About this task » Write out exactly, excluding pictures, the lines from the one containing "性交人工テメリティ2020 Weekly Planner: Pittsboro, North" through the end of the data, both included.

The data Block Start

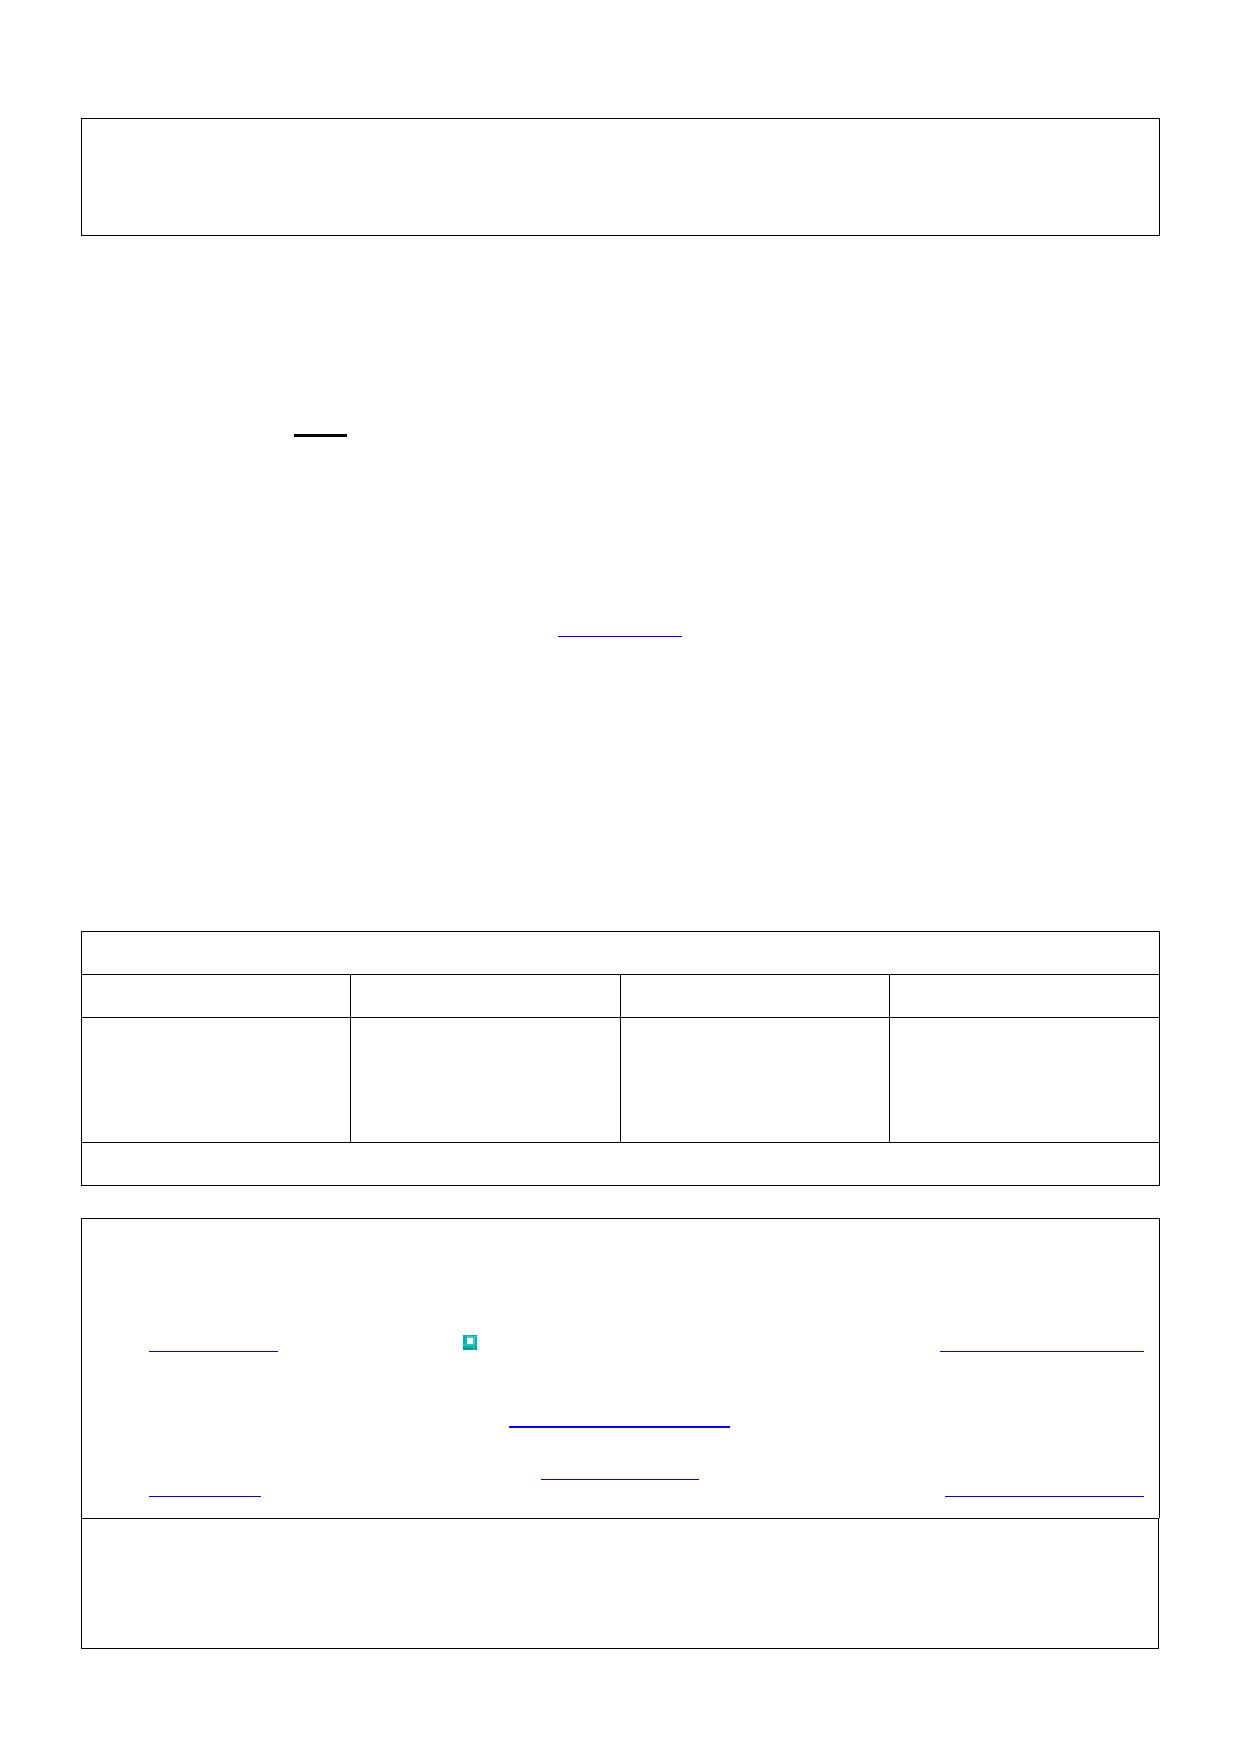 M0371YH450 دیتاشیت PDF
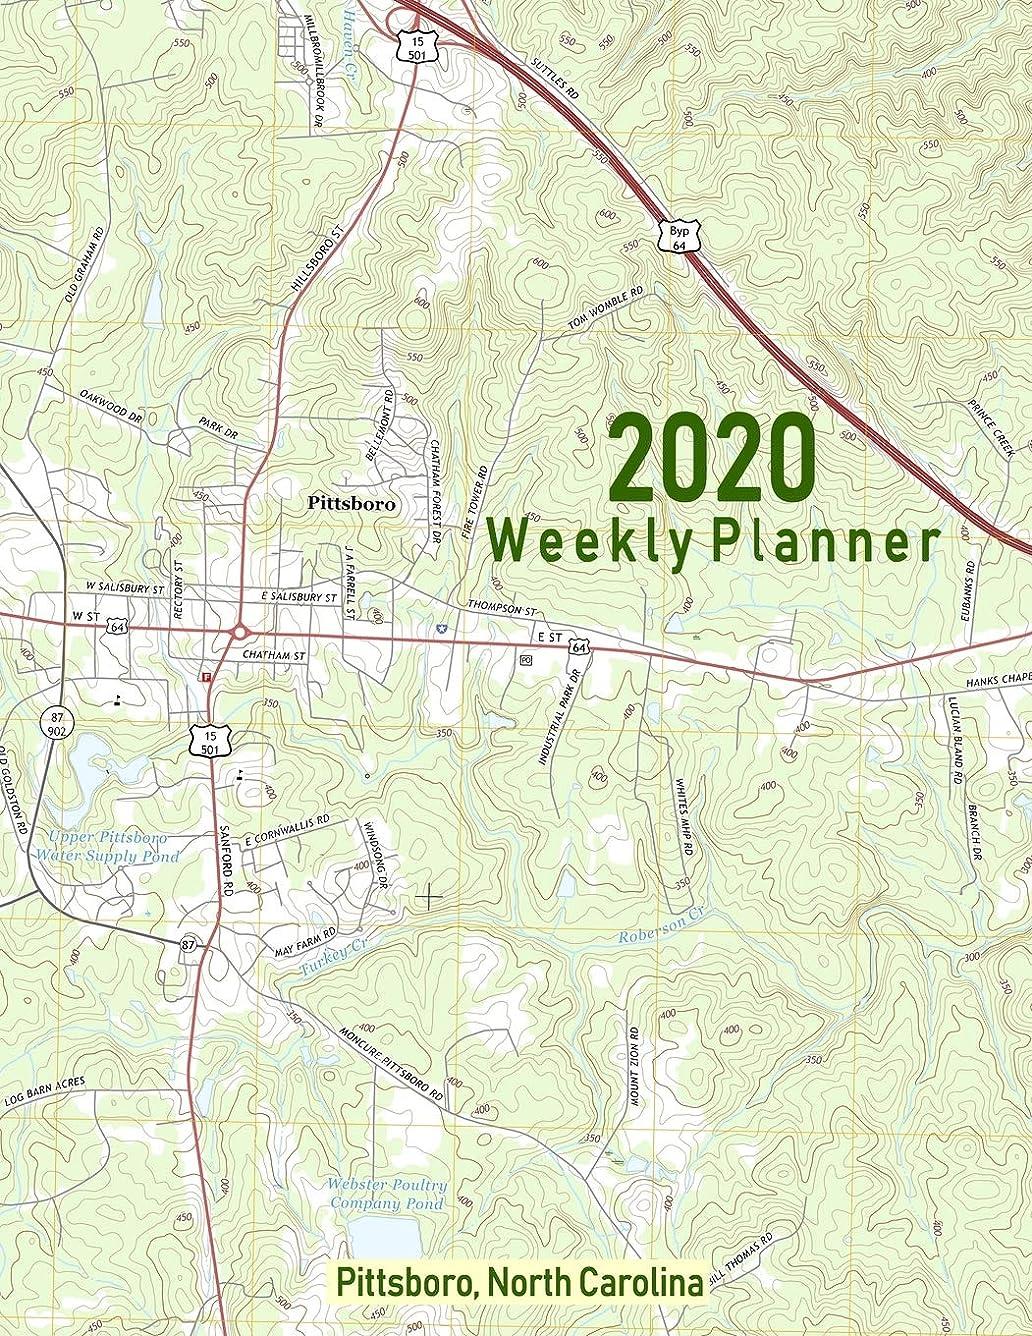 性交人工テメリティ2020 Weekly Planner: Pittsboro, North Carolina: Topo Map Cover
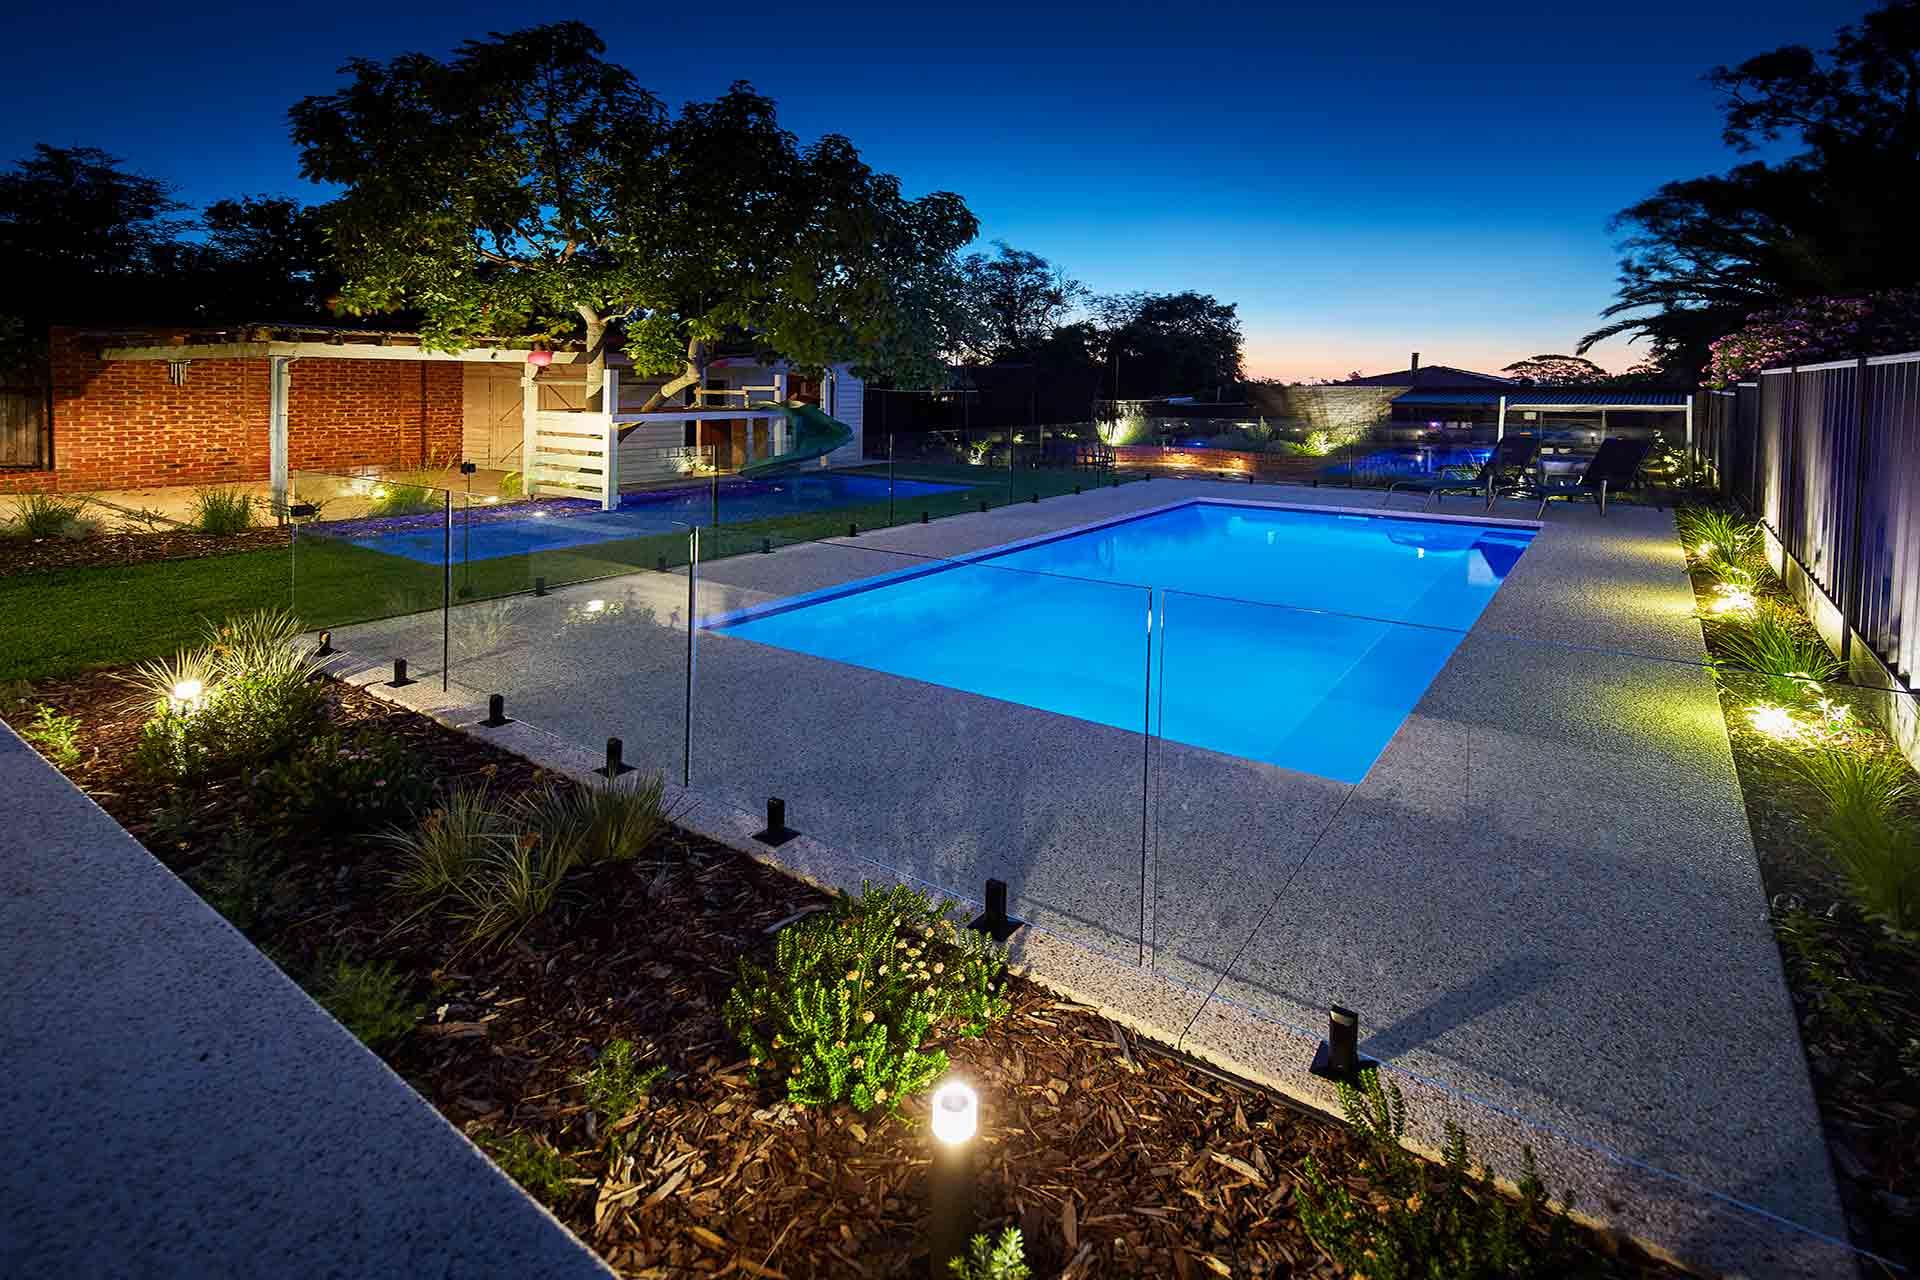 pool-lights-2
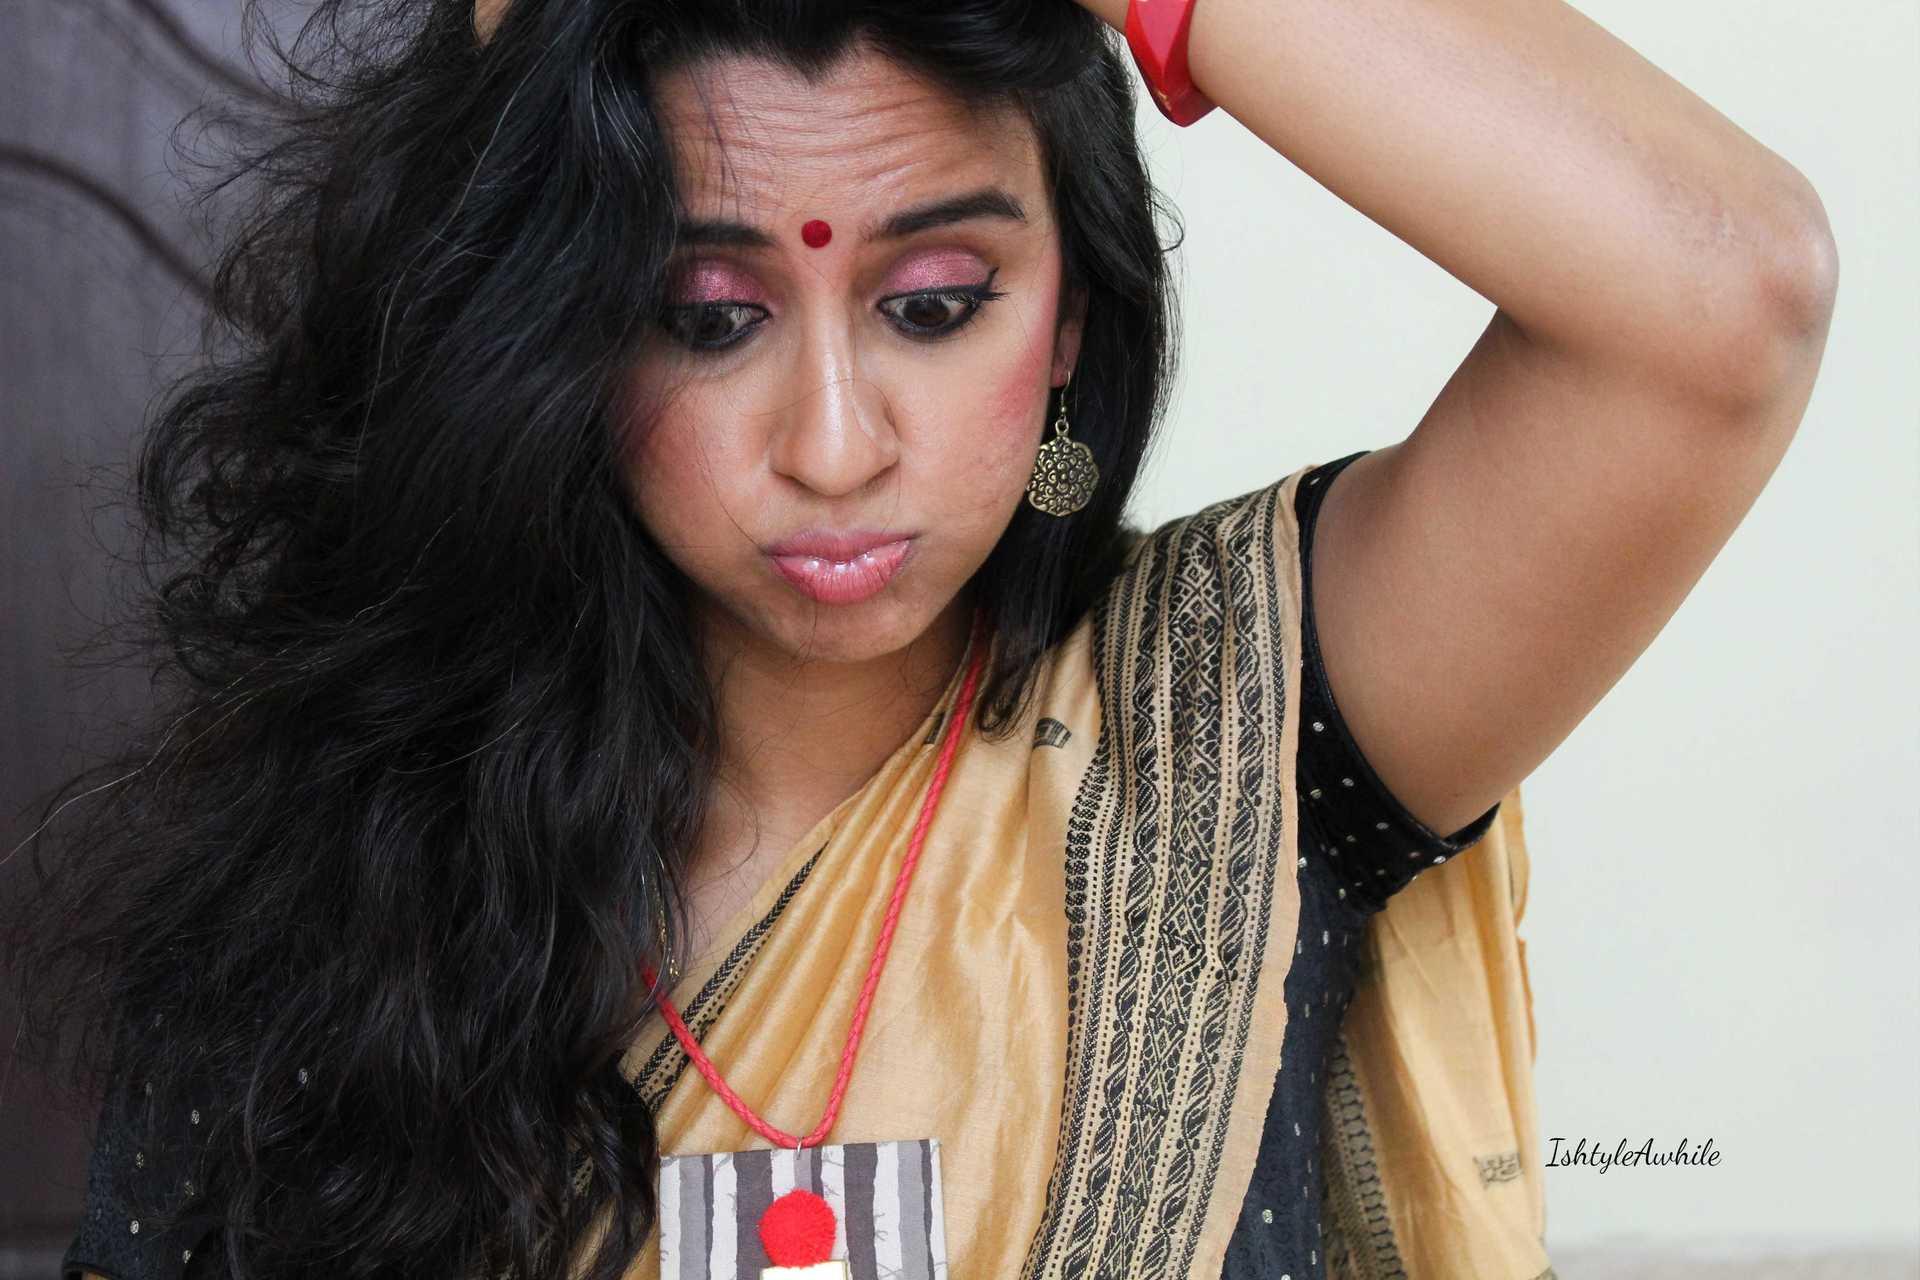 IshtyleAwhile - ishtyleawhile chennai beauty blogger

The data Block End

Final answer »
 性交人工テメリティ2020 Weekly Planner: Pittsboro, North Carolina: Topo Map Cover
 pool-lights-2
 IshtyleAwhile - ishtyleawhile chennai beauty blogger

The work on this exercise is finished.